If the title leads you to think I’ve lost my mind, then I refer you to the Greek play by Aristophanes, Frogs (Act I, scene i):

Frog

Brekekekex,

koax, koax,

Koax, koax, koax!

Oh we are the musical Frogs!

We live in the marshes and bogs!

Sweet, sweet is the hymn

That we sing as we swim,

And our voices are known

For their beautiful tone

When on festival days

We sing out in praise

Of the genial god-

And we don’t think it odd

When the worshipping throng,

To the sound of our song,

Rolls home through the marshes and bogs;

Brekekekex!

Rolls home through the marshes and bog.

Daft I know, but I couldn’t get it out of my head during the recent referendum. These lines had sat in a long lost corner of my mind for 50 years since I was a frog in the headmaster’s garden at the annual Greek play performed at my school. There’s a reason for everything!

The Brexit (why did no-one complain that it was really a UKexit; we live in the United Kingdom of Great Britain and Northern Ireland after all?) is now a reality. Having cast our votes on the festival day of 23rd June and rolled home through the marshes and bogs, we woke up the next day to a completely new world. In true Dad’s Army fashion, we have had a modern day Dunkirk, a Junker has been shot down in a battle over Britain, and there’s no sign of support from across the pond. The Prime Minister has resigned, Corbyn is playing Canute, Boris has been skewered, Farage has gone, and another referendum on Scottish Independence seems likely at some point.

Start of a quote

Phew! I’ve never seen anything like it; who said politics was dull?!
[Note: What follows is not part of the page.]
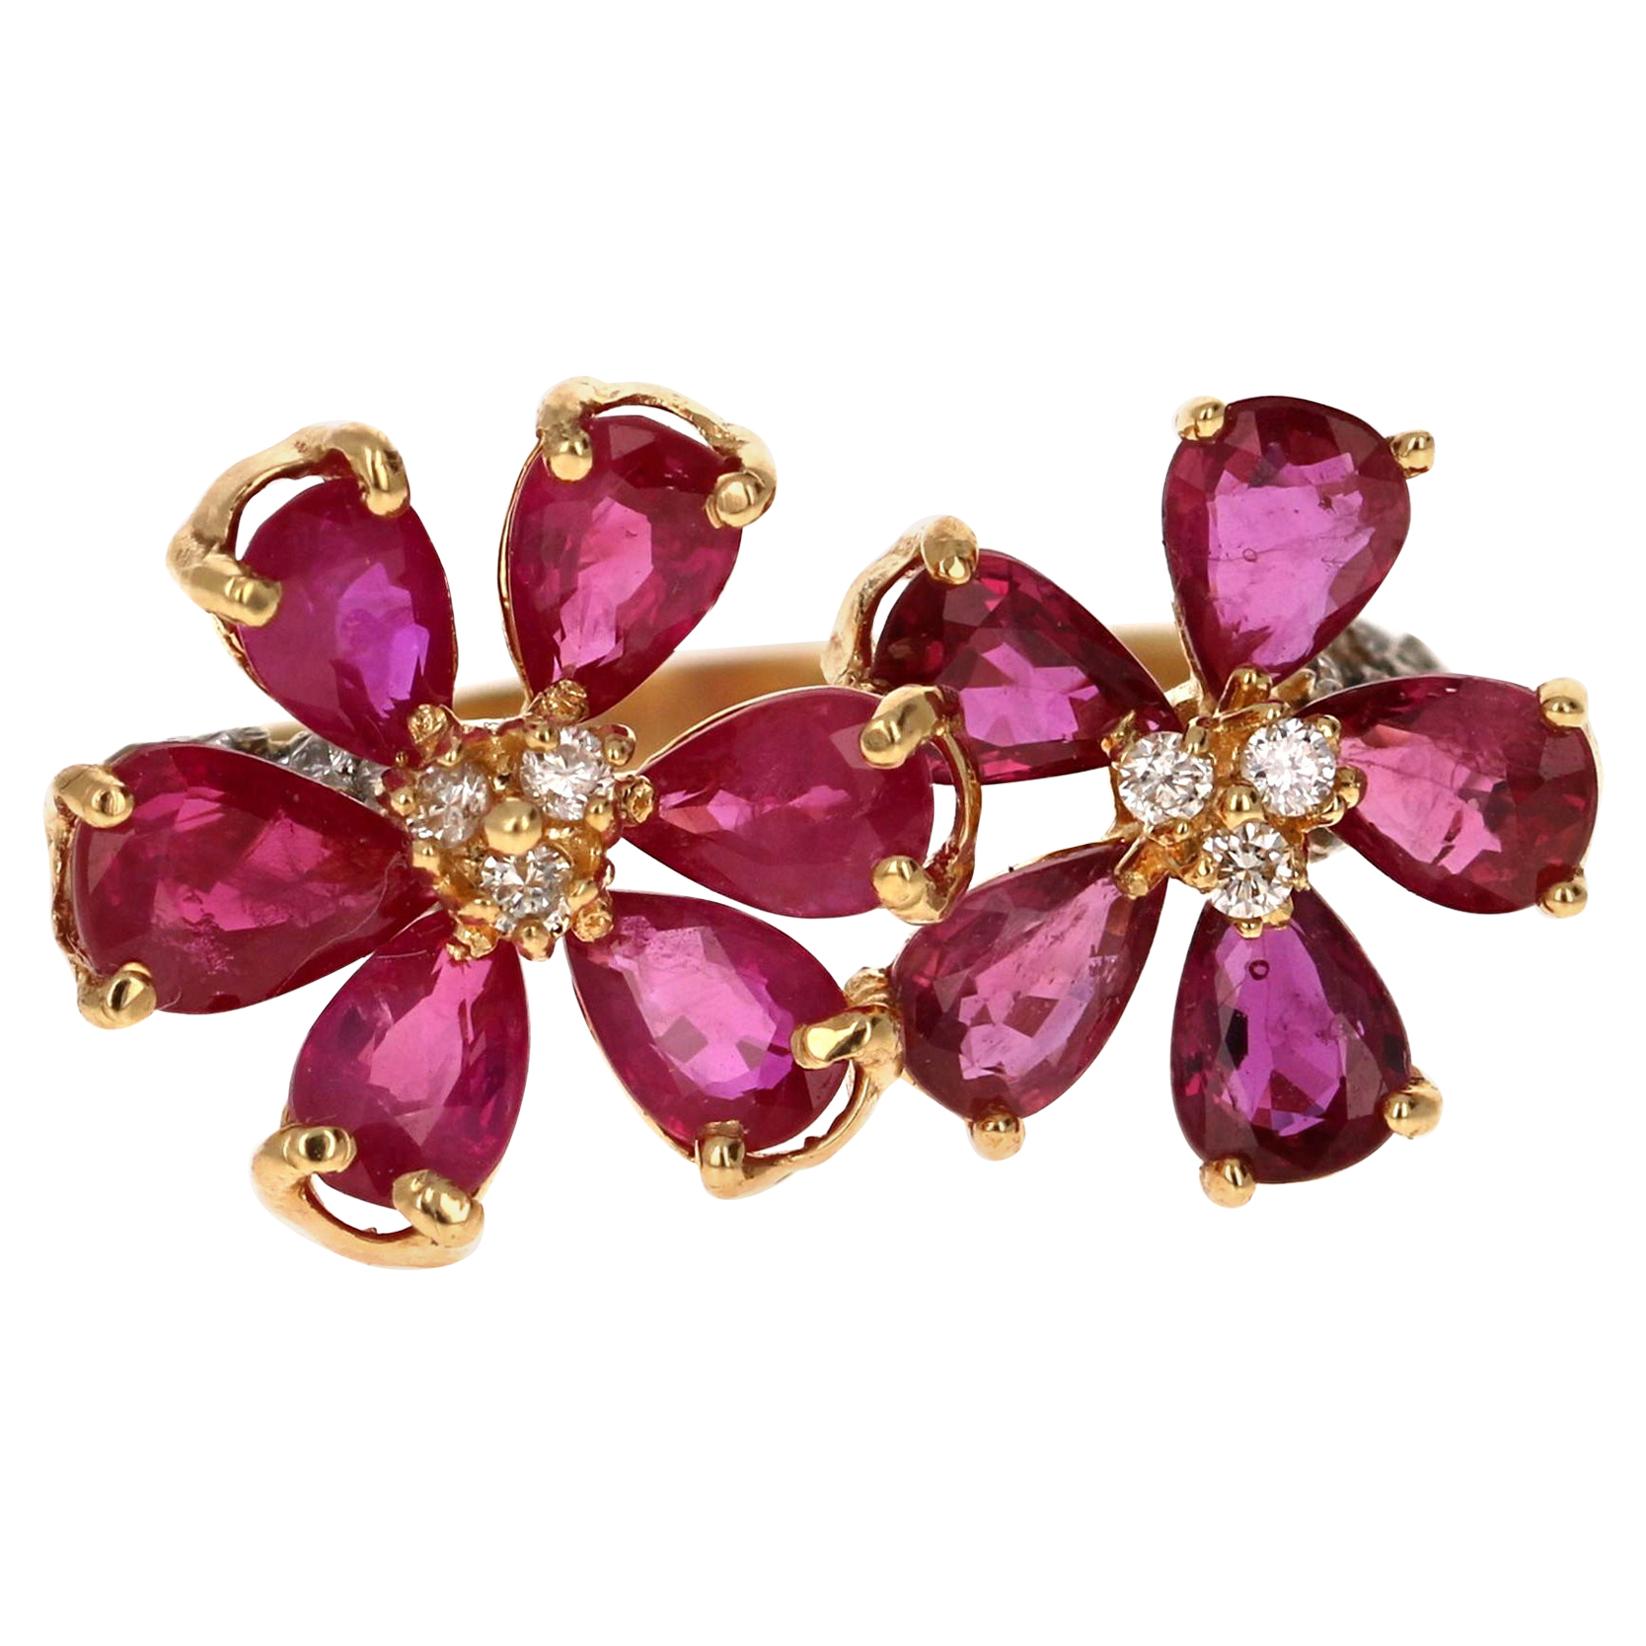 This charming Ruby Diamond Yellow Gold Ring is a modern cocktail ring that is sure to get a lot of attention with its unusual flow and design. 

There are 11 Natural Pear Cut Burmese Rubies that weigh a total of 3.12 Carats.  The Rubies are accented

But what does this all mean for my clients? On 24th June I expected the phone not to stop ringing, be flooded with emails from worried clients, and stock markets and currency markets to oscillate quicker than an oscillating thing in an oscillator. Well, the third bit was right, but hardly a peep from my clients? Why I wondered?

I have spoken with a lot of them in the last two weeks and I would say that 95% of them voted “leave”, and expected market volatility. Having accepted their fate, they saw no point in contacting me urgently; in fact, the only ones who did make contact had voted to stay in the EU. Very interesting.

So where are we now and what can we expect in the future? It seems odd to me that the March Budget seemed to ignore the possibility of a vote to leave the EU, and I bet before last Wednesday George Osborne (GO to his friends…and his enemies I should think!) had been mightily busy wondering what on earth to do next. Cameron has spat out his dummy and decided that invoking Article 50 won’t stain his CV, and it remains to be seen when his successor, Theresa May, will pull the trigger. Philip Hammond has some tricky decisions to make in the Autumn Statement and you can bet your bottom shilling (sorry, 5p, getting rather nostalgic again) that there will be tax rises in one form or another and cuts in public spending. Pension tax relief will be in the firing line again, the recently announced LISA seems to stick out like a sore thumb, and proposals to chop Corporation Tax will have to be paid for somehow.

However, I do expect public spending to increase in one area: the provision of chain mail for some MPs!